◆ **DATASET CONTENT**:
:::

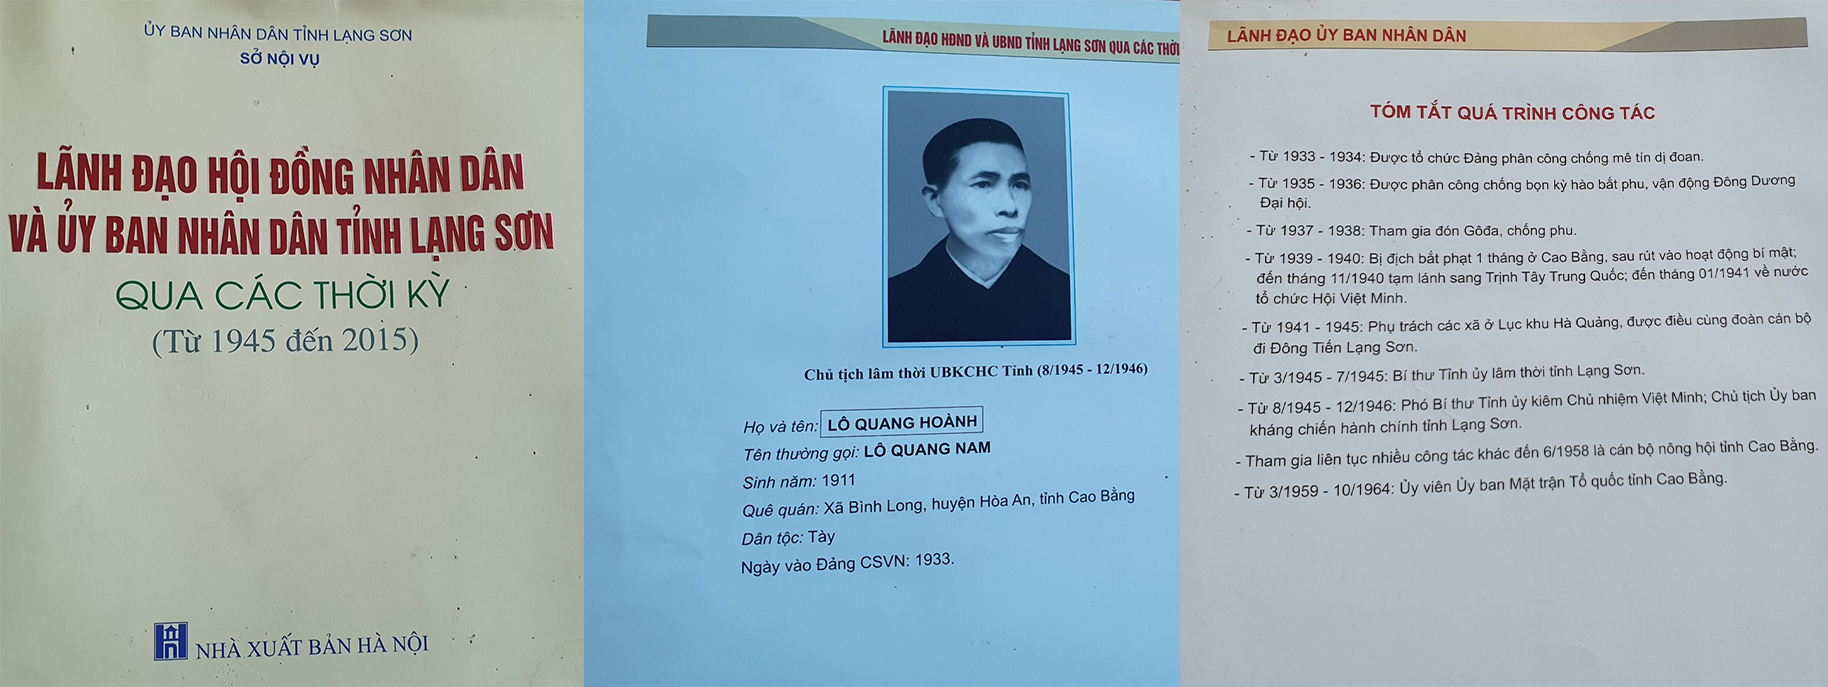 Thông tin về Lão thành cách mạng Lô Quang Nam.
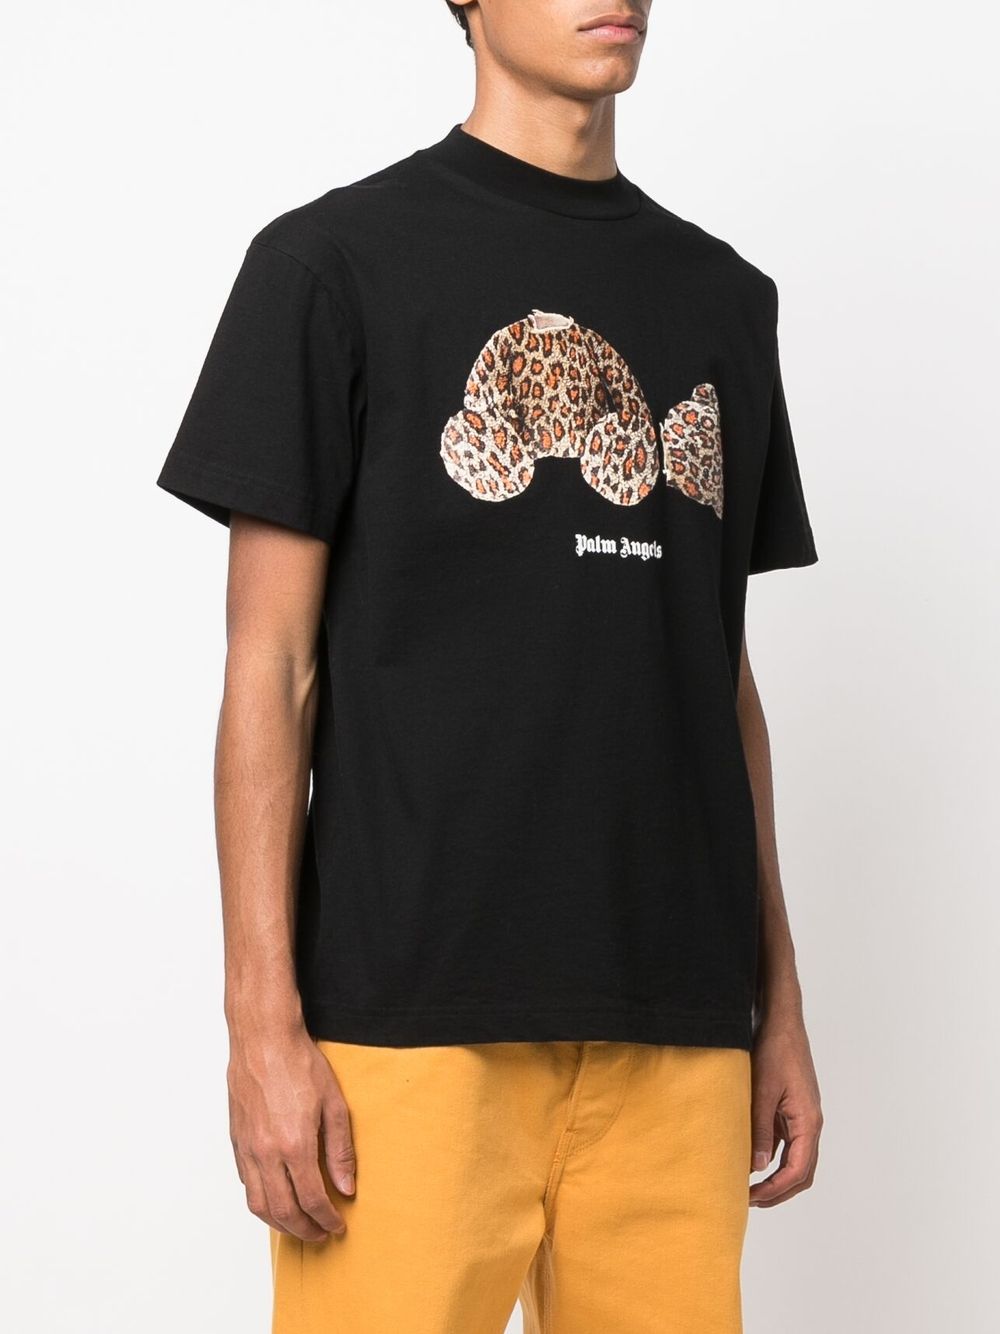 PALM ANGELS Leopard Bear Classic T-Shirt Black - MAISONDEFASHION.COM
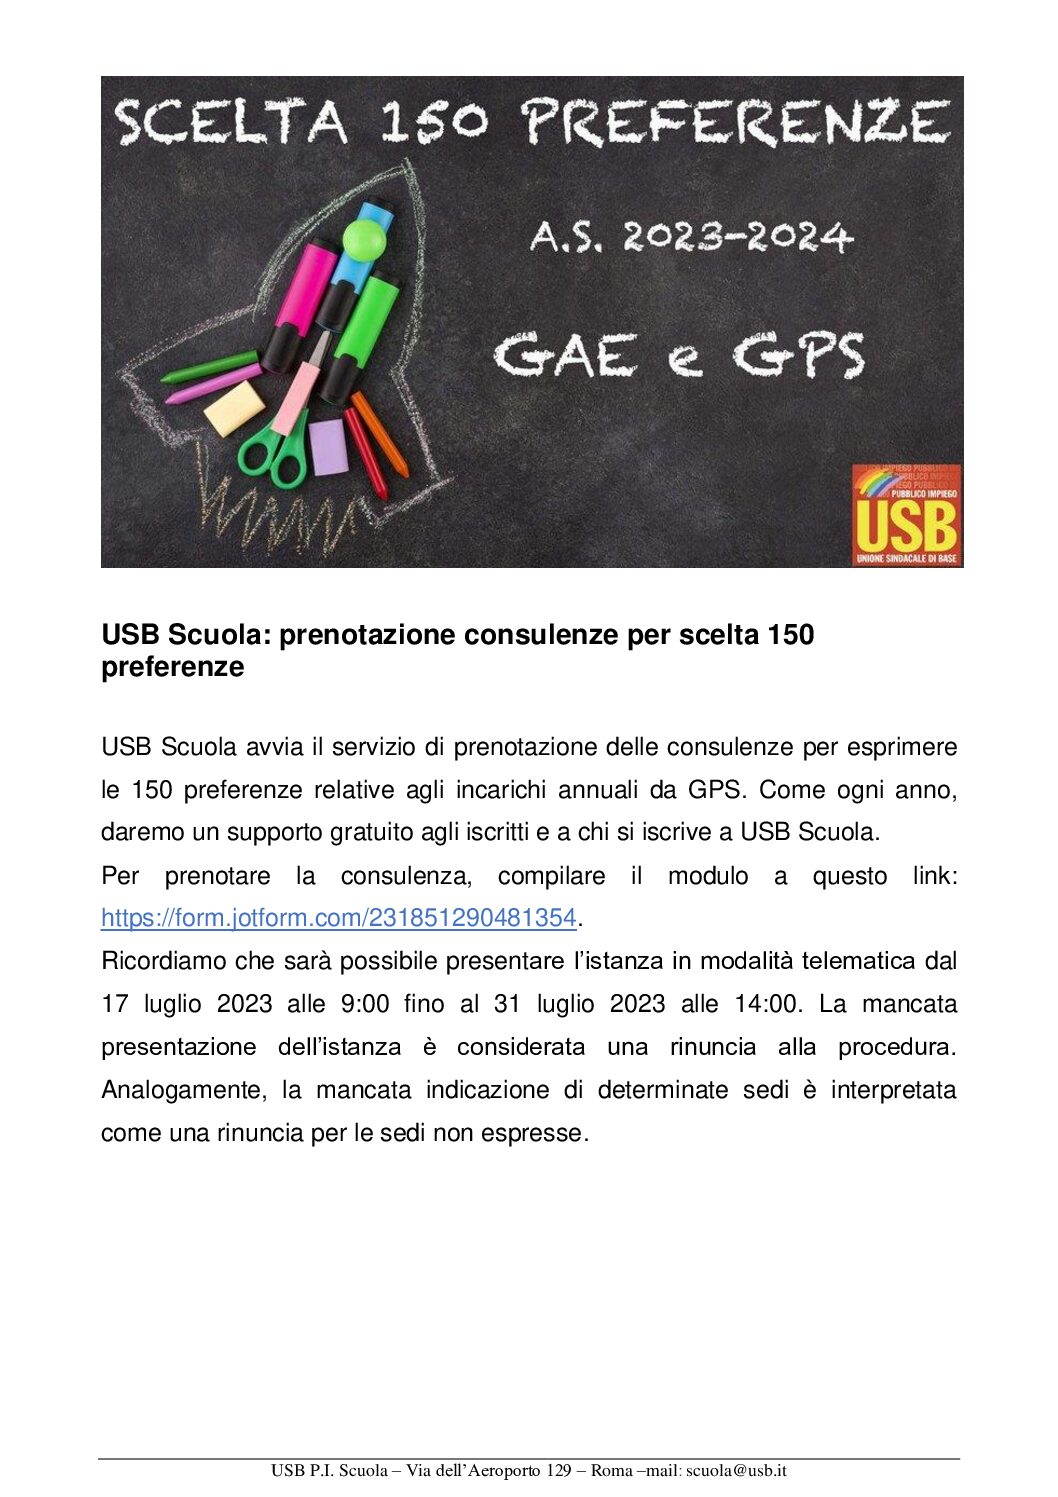 USB_Scuola_prenotazione_consulenze_per_scelta_150_preferenze-1
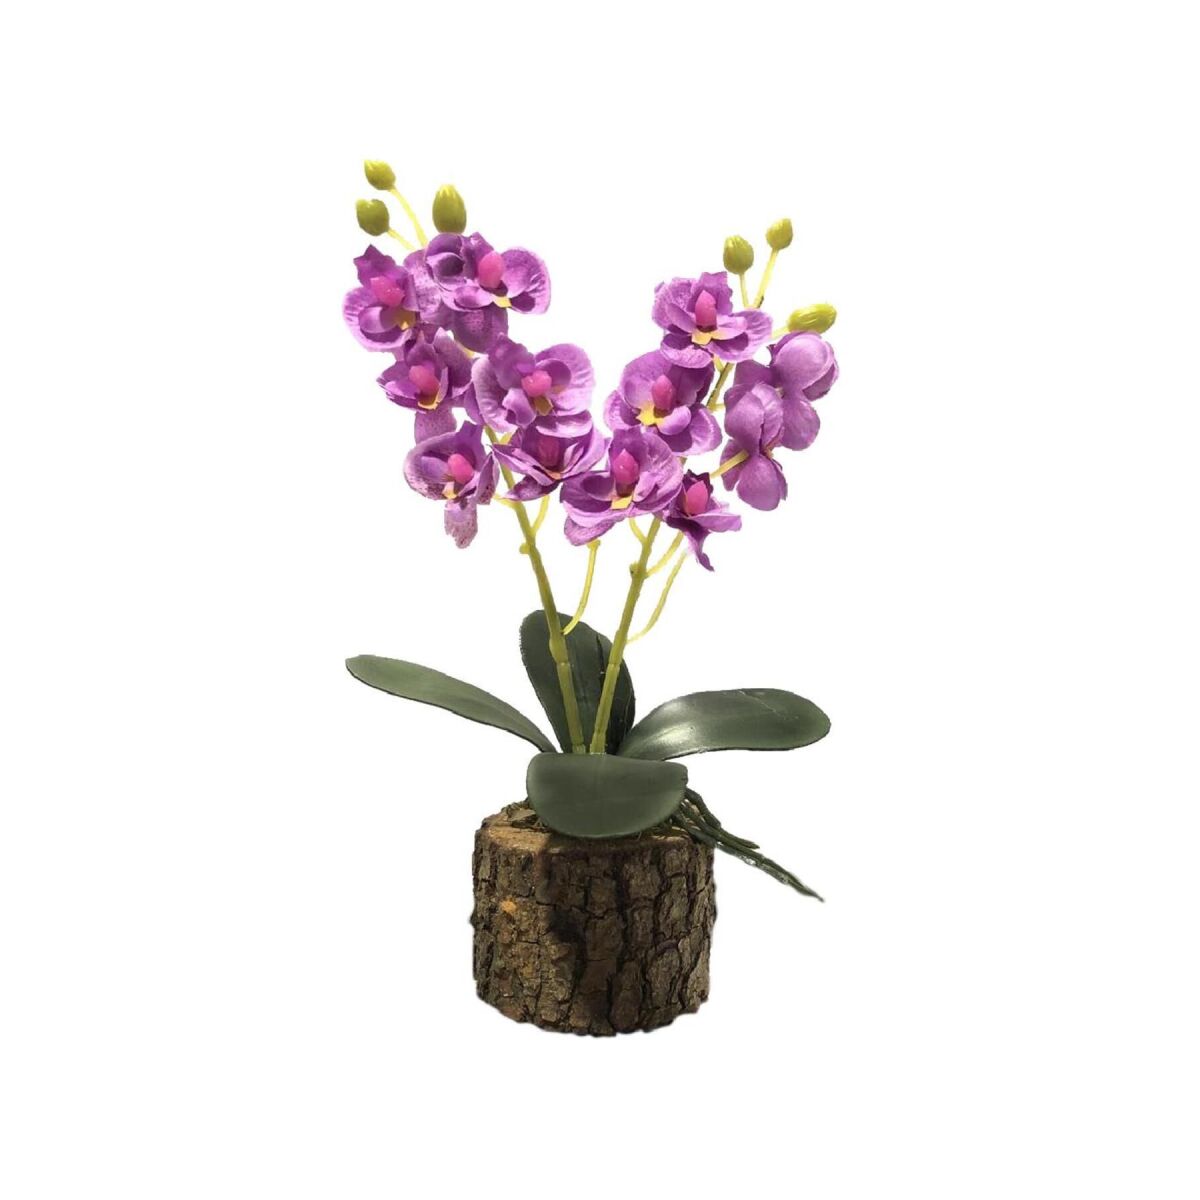 Yapay Çiçek Orkide Doğal Kütük Saksı Da Hediyelik Lila 25Cm

:::

◆ **THE TASK**: Transcribe every line from the one containing "USB_Scuola_prenotazione_consulenze_per_scelta_150_preferenze-1" to the end of the listing, exactly and exclusively. Do not carry any picture over.

◆ **OUTPUT OF THE TASK**:
 USB_Scuola_prenotazione_consulenze_per_scelta_150_preferenze-1
 Yapay Çiçek Orkide Doğal Kütük Saksı Da Hediyelik Lila 25Cm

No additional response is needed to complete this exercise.